My daughter’s team had three pitchers, but two of them did most of the pitching. One pitcher started every game, pitching three innings in every one. Another pitcher would usually come on in the fourth inning and pitch the rest of the game. Each game was six innings so it worked out well.
But during the first game we lost, our second pitcher pitched less than two innings. The next game, we won with our first two pitchers going three innings each.
The following game, we got a big lead early, so the coach took our top pitcher out after the first inning, thinking he might be able to use her for more innings in the next game if needed. Our second pitcher threw the second, third and fourth innings. When our team was warming up for the fifth inning, I noticed that she was back on the mound.
So I walked over to the coach and told him I didn’t think the pitcher could pitch that inning. The coach immediately walked over to the official scorekeeper, then yelled out to the pitcher to switch positions with our shortstop, who was our third pitcher.
Turns out that if our second pitcher had pitched one pitch in the fifth inning, we would have had to forfeit the game. The coach thanked me numerous times. I was glad to help, and I found a lesson in the situation.
There once was a time when, even if I noticed something like the pitcher issue, I would have said to myself, “The coach knows what he’s doing. He wouldn’t want me getting in his business.” My self-confidence was so low, I would have automatically assumed that I was wrong.

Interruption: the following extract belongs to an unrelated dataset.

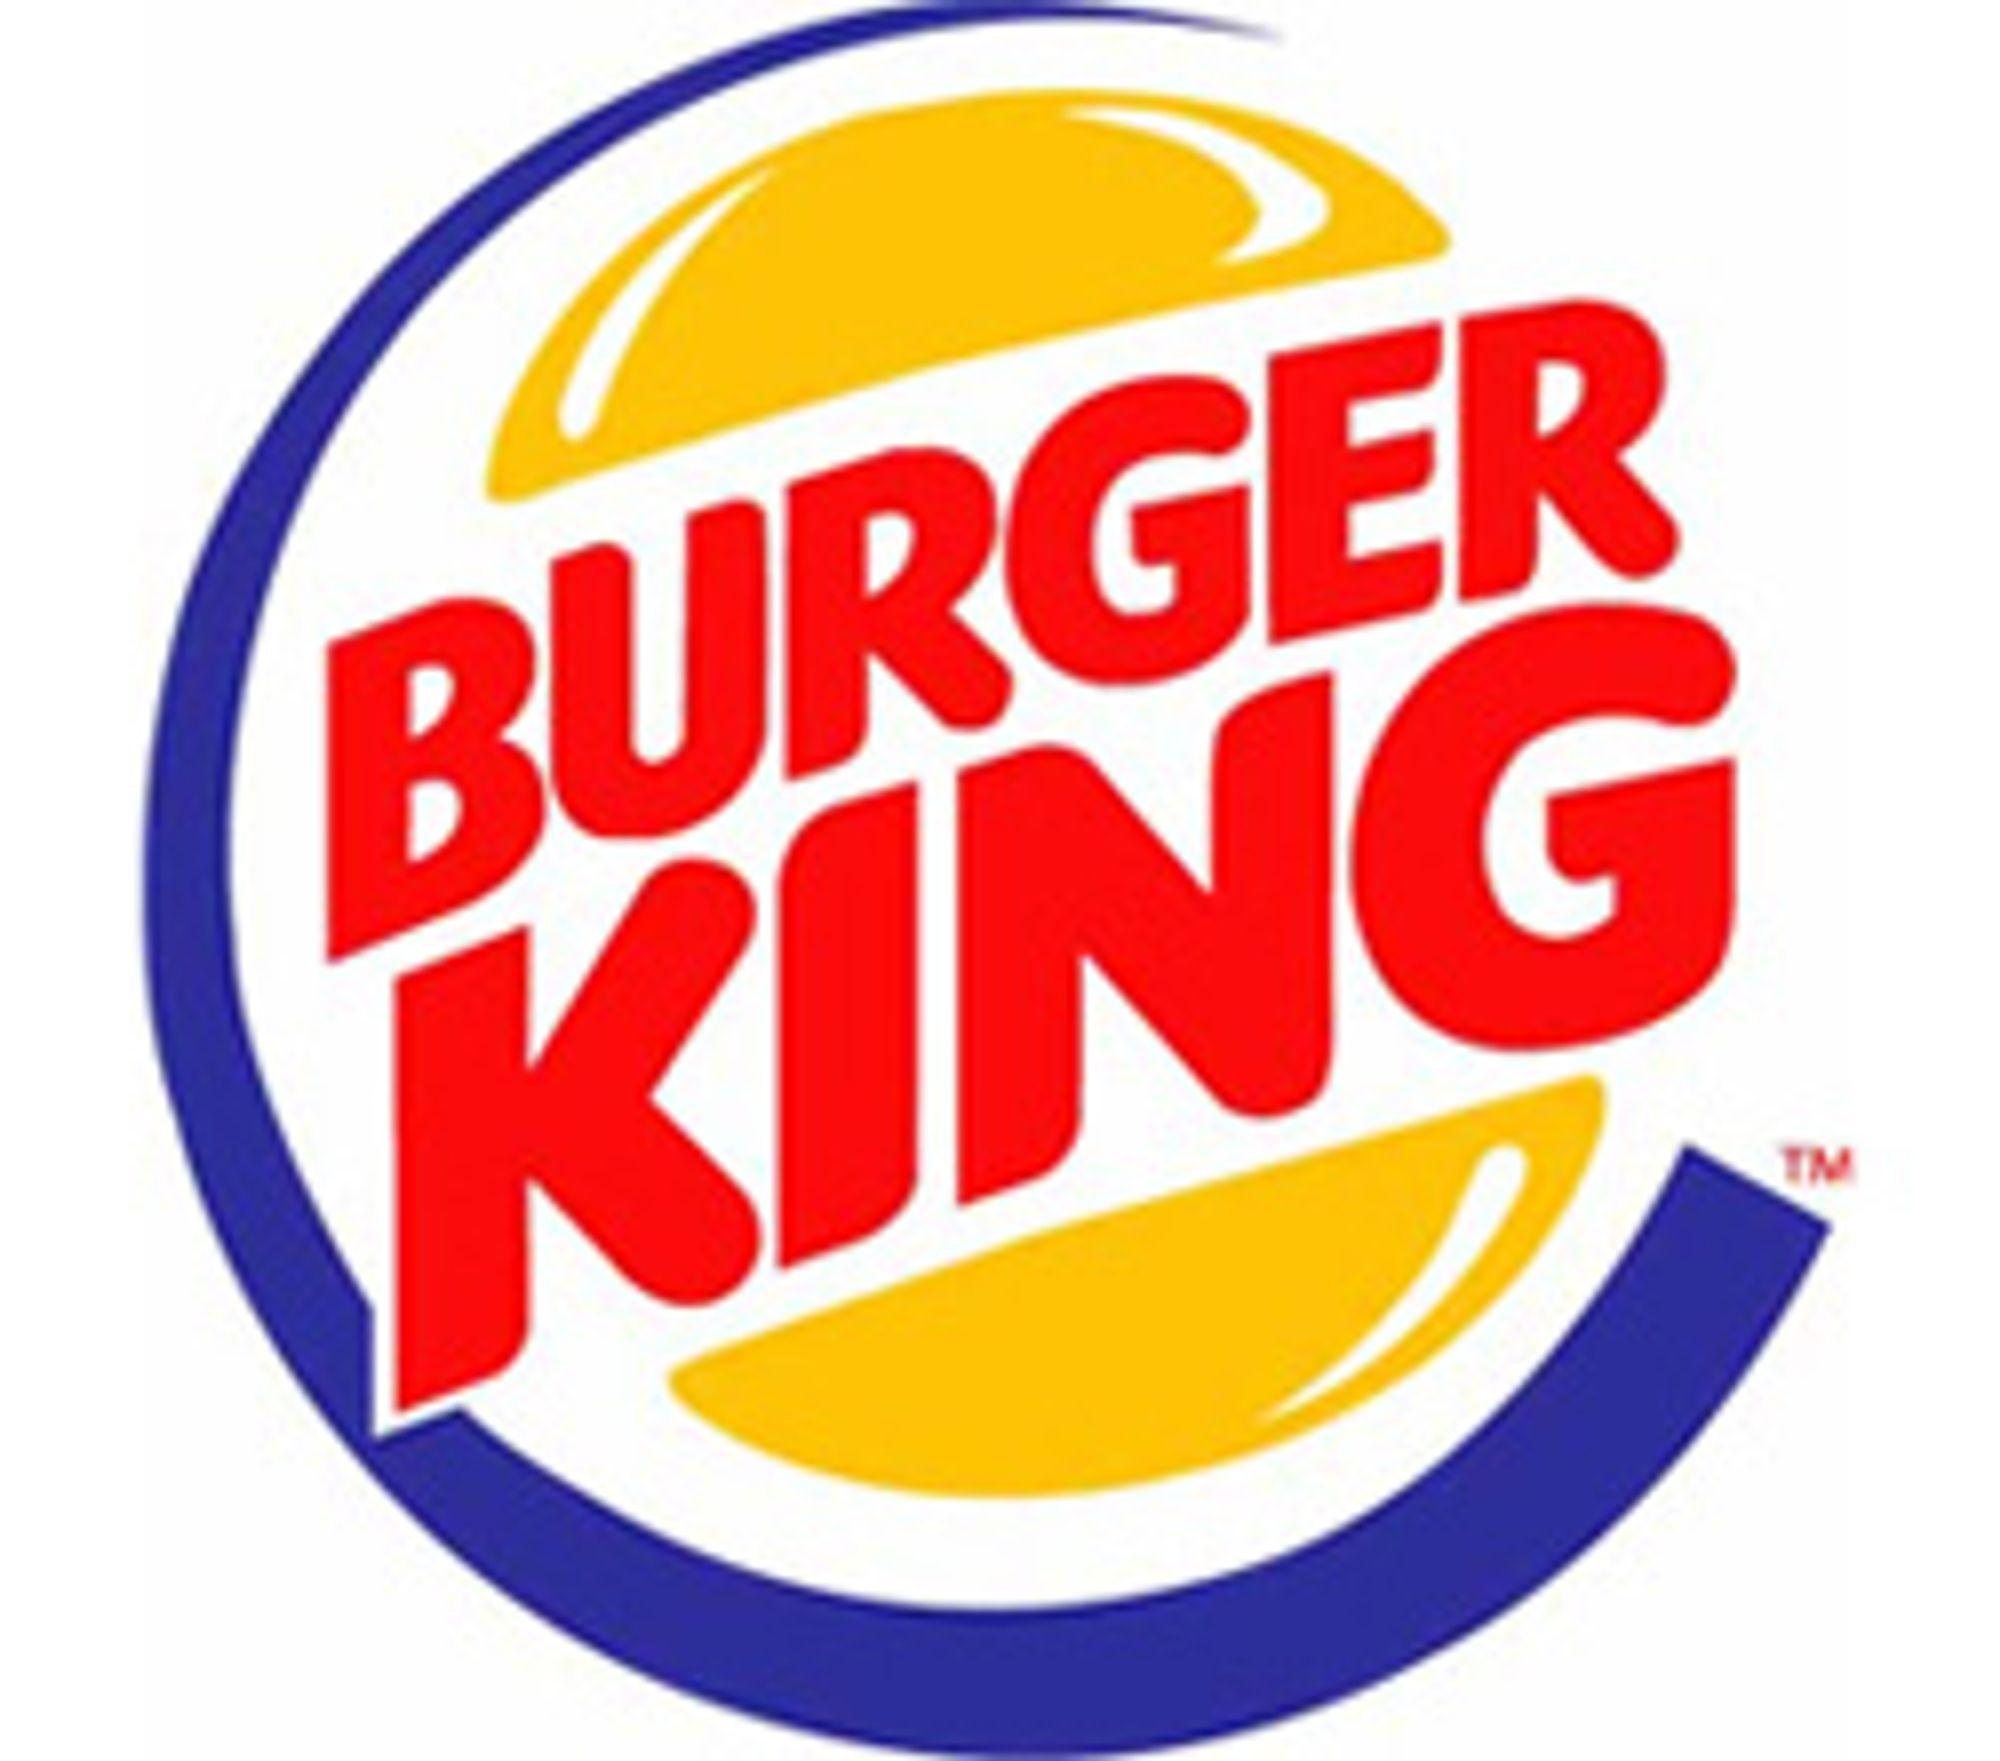 Snart kan du få spille Burger King-spillet på mobilen din. (Bilde: Campudish.com)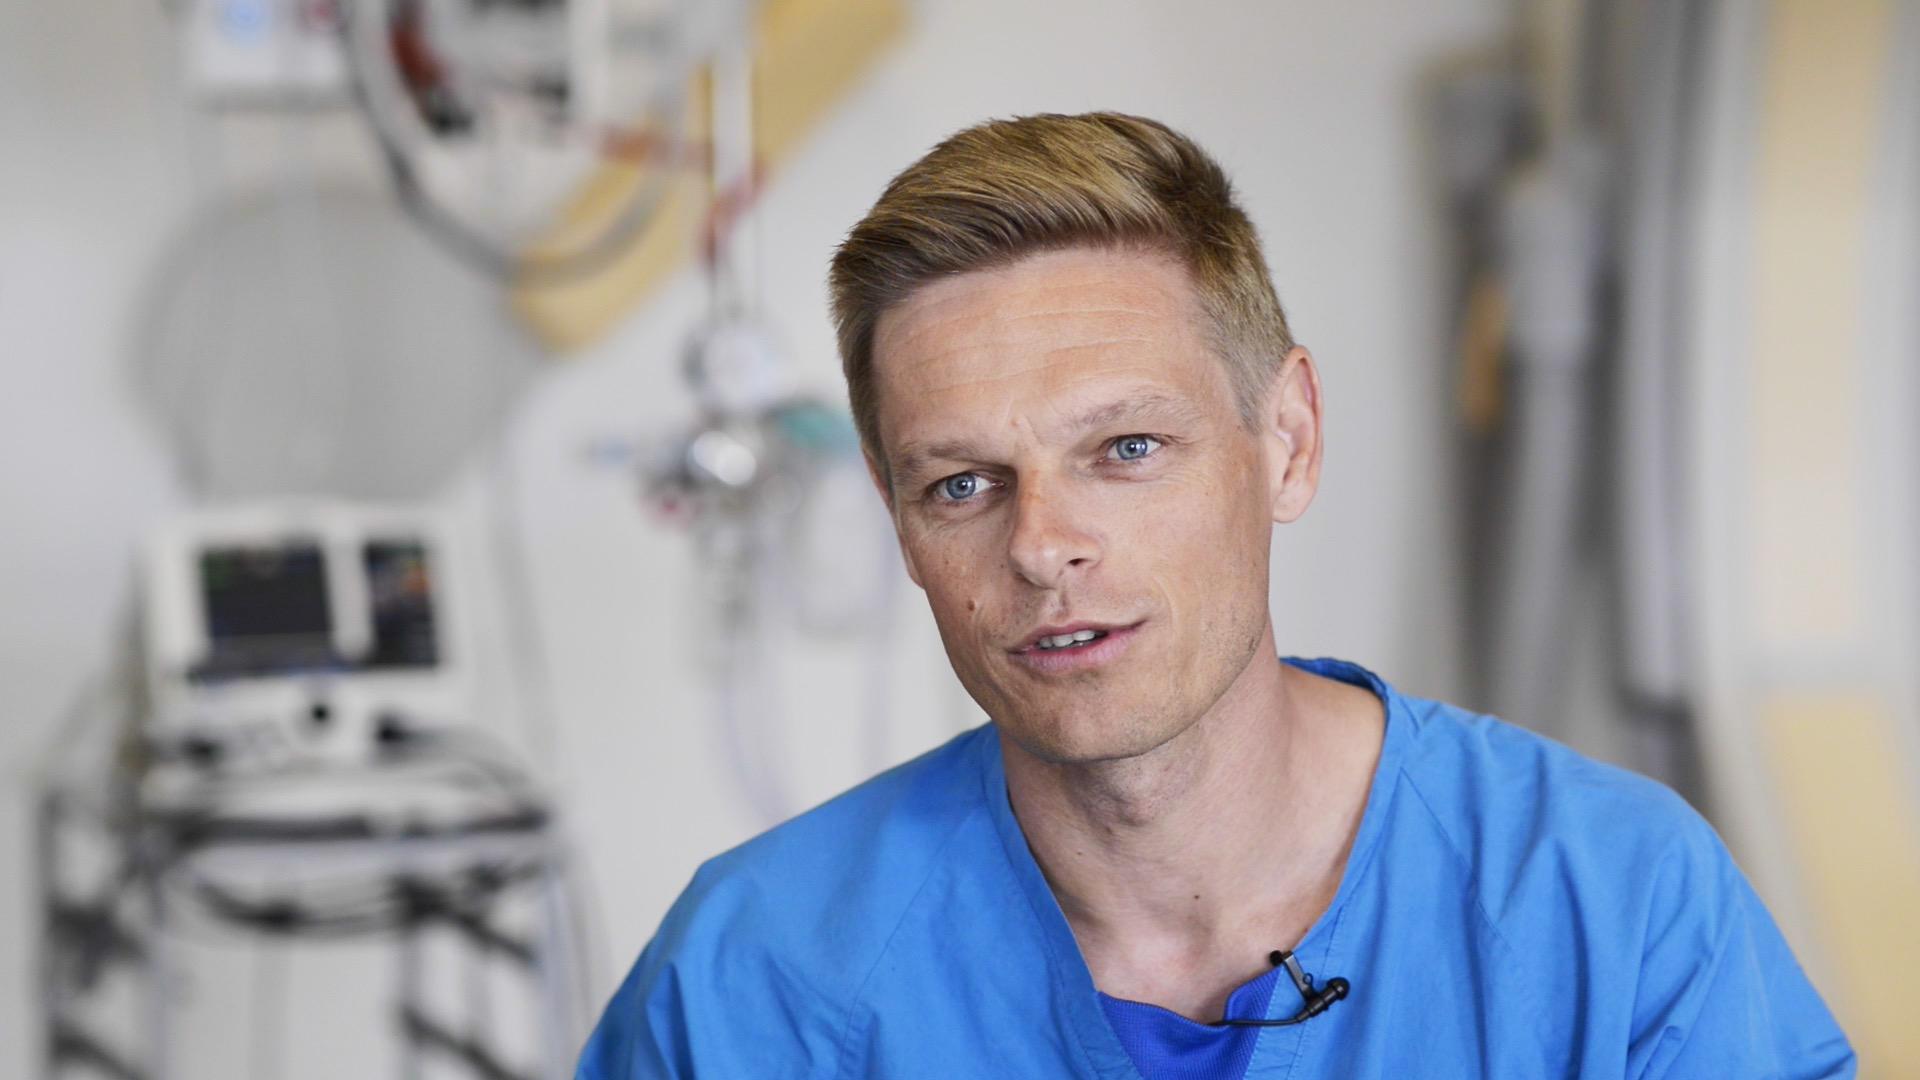 Carsten Stengaard

If I would have done that this time, my daughter’s team would have needlessly lost a game they were comfortably winning.
So the lesson I learned is to speak up. Many times in network marketing, I hesitate to talk about my business because people have a negative feeling about the business.
Those of us in network marketing need to set an example and speak up when someone speaks ill of our profession.
Unfortunately, some people have given MLMs a bad name. It’s time we started getting out the good word about how much our profession can help people. This word will spread when our actions back up what we say.